ソフトウェア特許解説vol.1―特許権と著作権の違い― / マルパチ 

今回はGPL(=General Public License)バージョン3にて新たに追加された条項であるGPLv3第11条(特許)について解説していきたい…と思ったんですがその前に「ソフトウェア特許」について基本的な解説をしたいと思います。

なぜ、GPLは著作権に関するライセンスなのに、特許権に関する条項が必要になるのでしょう。
その理由を知るためには著作権と特許権の違いについて軽く触れなければなりません。

Wikipediaの定義によると著作権とは「著作権(ちょさくけん)とは、言語、音楽、絵画、建築、図形、映画、写真、コンピュータプログラムなどの表現形式によって自らの思想・感情を創作的に表現した者に認められる、それらの創作物の利用を支配することを目的とする権利をいう」のだそうです。
一方の特許権についてWikipediaの定義は「有用な発明を公開した発明者または特許出願人に対し、その発明を公開したことの代償として、一定期間、その発明を独占的に使用しうる権利」なのだそうです。
これらの定義からわかる著作権と特許権の最大の違いは、その保護の対象です。つまり著作権の保護対象が「表現」であることに対し、特許権の保護対象は「発明」なのです。

何が「表現」で何が「発明」なのかは小難しい法解釈の問題になってしまうのですが、わかりやすくするためざっくりと一例を挙げます。
ソフトウェアにおける表現とは、ソースコードやひとまとまりのプログラムであると言える程度にまとまったモジュールなどです。
ソフトウェアにおける発明とは、ハードウェアを制御するためのプログラムであったり、斬新なビジネスモデルを可能にするためのアルゴリズムであったりします。
(上記の発明・表現の分類は日本法におけるものです。合衆国法やEU法では分類が異なります。念のため。)

つまり特許権と著作権は一見全く同じものを対象としているように見えて、実は全く別のものを対象にしているのです。この違いをしっかり意識しておかないと知らない間に他人の知的財産を侵害していたということもあり得ます。
例えばソフトウェアにライセンスが付与されていたから権利関係は大丈夫と思い込んで使用していたら、実はライセンスが著作権に関する許諾しかしておらず、後日になって特許権者から警告書が届いてしまったりします。

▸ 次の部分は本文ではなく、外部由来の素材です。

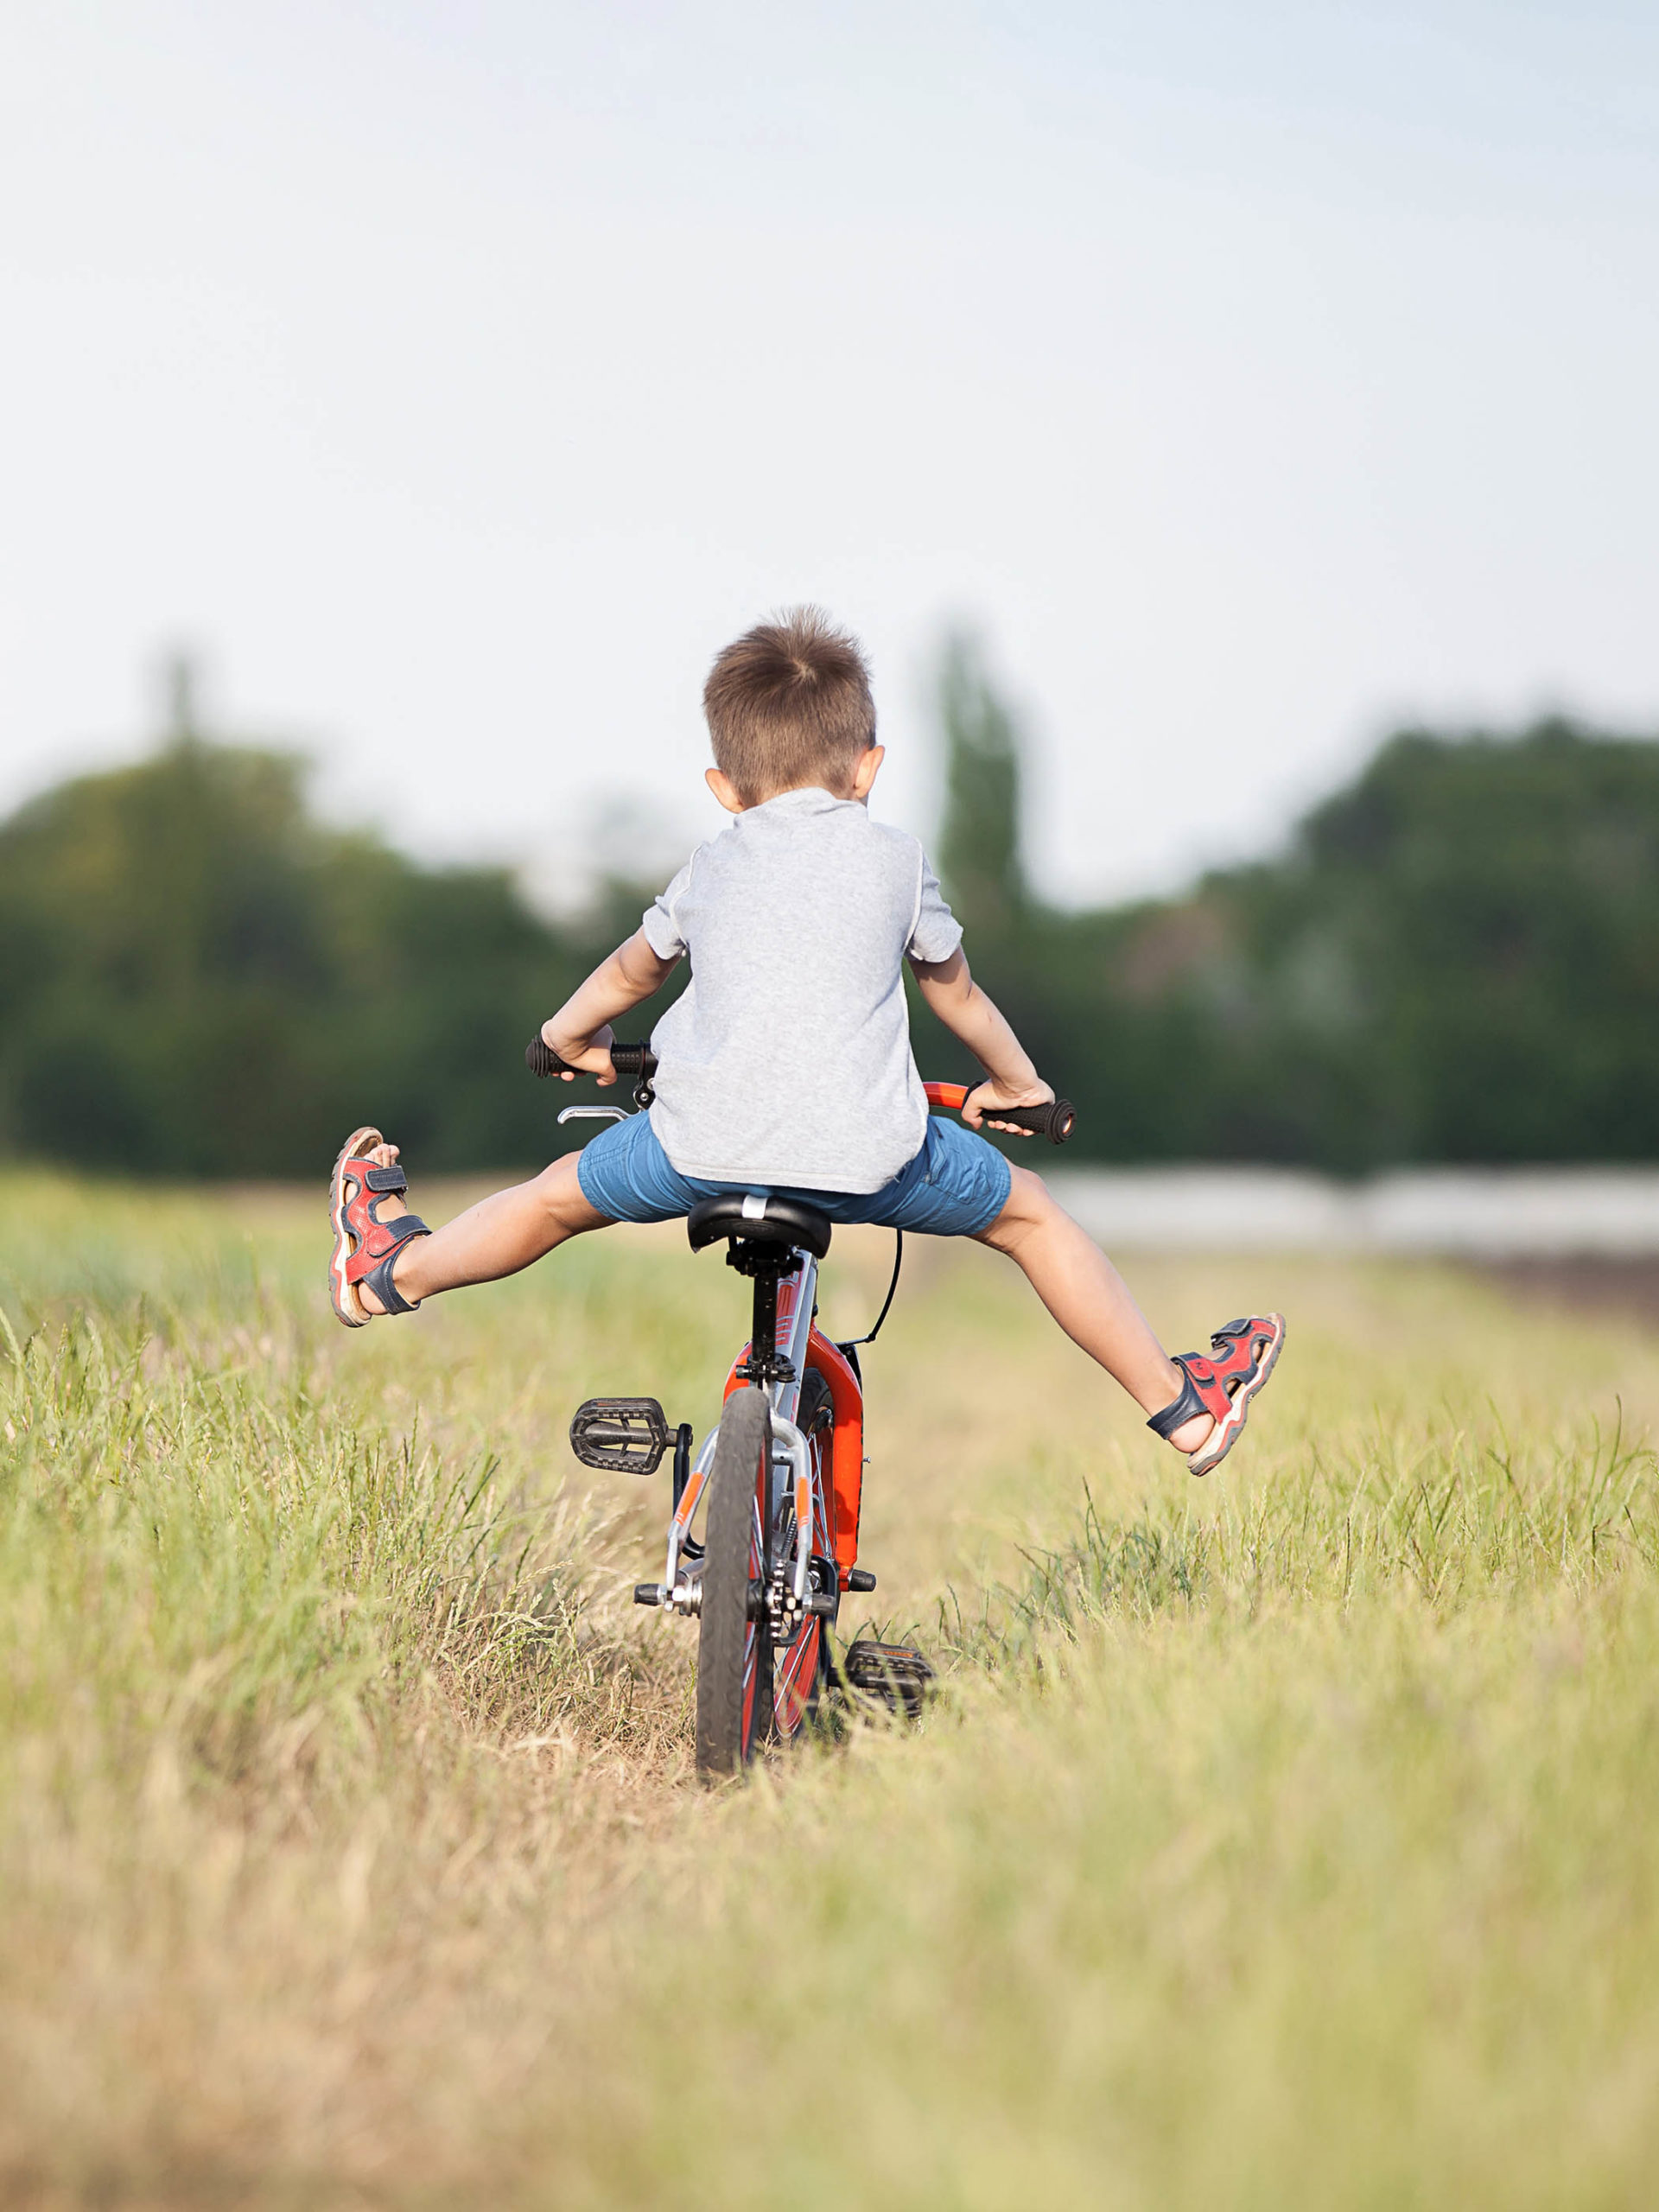 boy rides his bike through a meadow lifting his feet off the pedals

このような事故は誰にでも起こりえます。というのも自分のソフトウェアが既存の特許権に抵触するかどうかというのは調査・判断が難しいからです。
著作権の判断は簡単です。著作権の保護対象は「表現」です。ということは自分のコーディングが他人のコーディングの真似でなければ大丈夫ということです。ちゃんと自分で創作したプログラムなら著作権的にはセーフです。
しかし特許権は「発明」を保護対象としているため、アイディアが被っていればアウトです。他人の特許権を全く知らなくてもアウトです。著作権とは違って真似したつもりが無くてもアウトになり得ます。とはいえ膨大な特許権データベースの中から自分のアイディアとよく似た特許を探し出す作業は困難なのです。
ソフトウェアの作成者は、自分のソフトウェアが他人の特許権を侵害していると気づかず、自分の著作権についてのみライセンスで使用許諾をして配布してしまうかも知れません。

大企業に所属しているSE・PGならば特許権の調査・判断は知的財産部・法務部が代わりにやってくれます。しかし知的財産部のない中小企業や個人営業のプログラマーはどうでしょう。特許権の調査ができますか?
特許権調査の参考になるリンクを貼って今回の記事を締めくくりたいと思います。特許庁の特許電子図書館です。それでは!!